Panorama 2005: o ano da melancolia
09/03/2025
O Panorama costumava acontecer em março, mas, em 2005, eu não consegui nem dinheiro nem apoio para realizar naquele mês. Nada, nem míseros centavos. Joguei para agosto e consegui alguma coisa além do nada que já estava garantido. Passados os anos iniciais, a euforia do começo, eu já estava sem fôlego. A Sala Walter da Silveira continuava como sede do festival, mas já estava em franca decadência. Os projetores estavam sucateados e o som não era bom. Não havia perspectiva para melhorias para a Walter “Sibéria” da Silveira. Ali, os filmes se perdiam, o público não gostava com justiça das sessões que eram promovidas. Eu sentia falta de uma casa para realizar o festival.
Por outro lado, o projeto de reconstrução do Cine Glauber Rocha parecia impossível de acontecer. Já eram passados cinco anos desde que eu tinha dado início à idéia, mas nada de concreto acontecia.
Em 2005, ano da depressão, decidi que eu iria me despedir do Panorama e, também do projeto do Glauber. Chega!, disse eu.
Marília Hughes Guerreiro, em seu primeiro Panorama dela, me dava ânimo e me dizia que as coisas não terminariam ali. Eu, descrente, buscava um grande finale. Decidimos realizar uma sessão de cinema nas ruínas do Glauber Rocha.
Eu escolhi Betânia Bem de Perto, média de Julio Bressane e Eduardo Escorel, para exibir naquele cinema sem teto. Passei algum tempo negociando com Bressane, que não era lá gentil comigo, mas acabou cedendo. Escorel liberou de imediato.
Betânia Bem de Perto tinha a textura da melancolia que a gente procurava. Uma incompletude na despedida anunciada. Decidimos não ficar somente no passado e convidamos os curtas Vinil Verde, de Kleber Mendonça Filho, e Entre Paredes, de Eric Laurence. Dois filmes pernambucanos que tinham sido exibidos em Cannes e mostrava a força do cinema daquele estado.
A semana toda do Panorama foi chuvosa e, como eu disse, o Glauber estava sem teto. Tudo indicava que nosso plano melancólico seria abortado. Mas, o domingo amanheceu sem nuvens. Decidimos arriscar!
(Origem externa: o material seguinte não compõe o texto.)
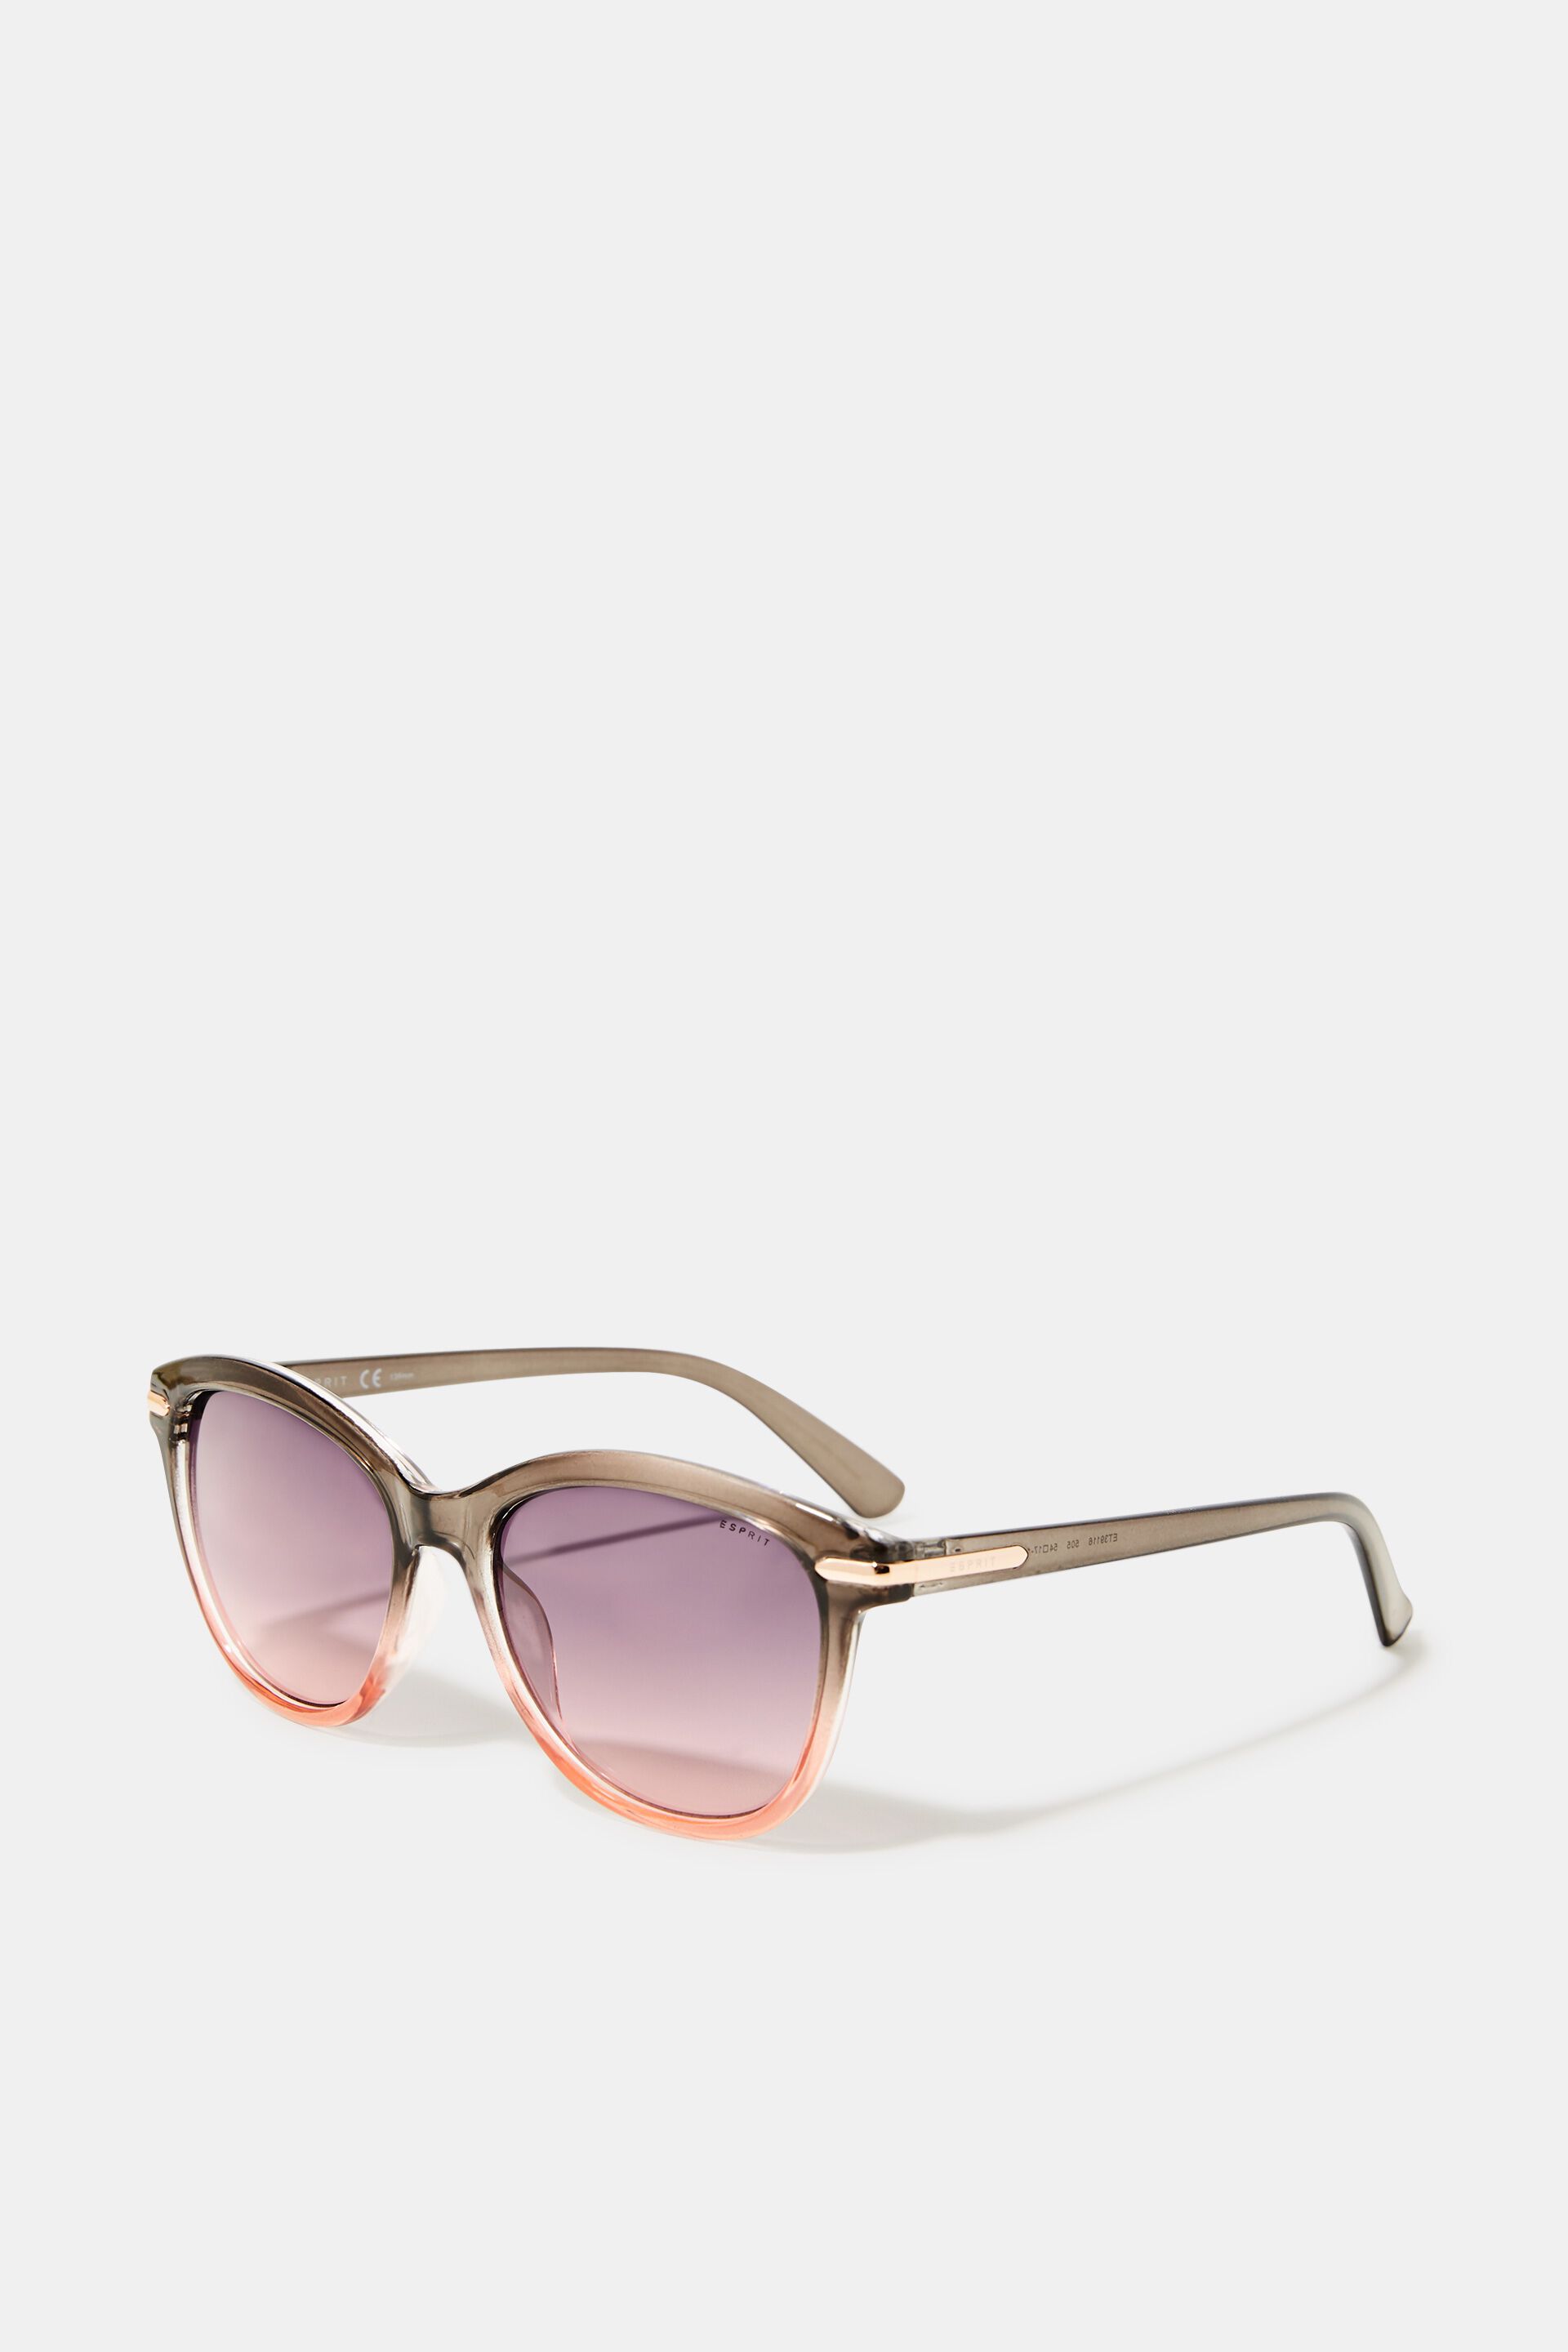 Esprit Online Store Graduated colour sunglasses

Fomos cedo para o Cine Glauber Rocha. Acelino Freitas, projecionista à moda antiga, sujeito que entende mais de projeção que qualquer um que já conheci, levou um projetor 35mm para o andar de cima do cinema. Ele montou uma telona na paredes envelhecidas, mas bem robustas. As paredes do Glauber guardavam riscos de desenhos de Mário Cravo e Carybé, pouco se salvava. Mas, estavam lá e era possível imaginarmos quantas histórias aconteceram naquela sala que chegou a abrigar milhares de sessões e memórias! Quantos casais começaram suas vidas ali, naquele cinema.
Na parte de baixo, colocamos troncos de madeira, resquícios do telhado, que se tornaram bancos improvisados. A noite chegou e nada de chuva. Céu estrelado e os espectadores começavam a chegar. Cerca de 150 pessoas presenciaram uma das mais lindas sessões de cinema que eu já montei.
Kleber Mendonça e Emilieu Lesclaux estavam com a gente. Eles, amantes das salas de cinema, estavam emocionados. Marília e eu, também. Aquela que era para ser o símbolo do fim de dois dos meus mais preciosos projetos, acabou por me dar alegria e ânimo gigantes. A luta iria continuar!
Obs: Marília e eu fizemos o curta sobre a história do Cine Guarani, que passou a se chamar Glauber Rocha em 1981. No final do curta, estão algumas imagens dessa linda sessão de cinema realizada em 2005.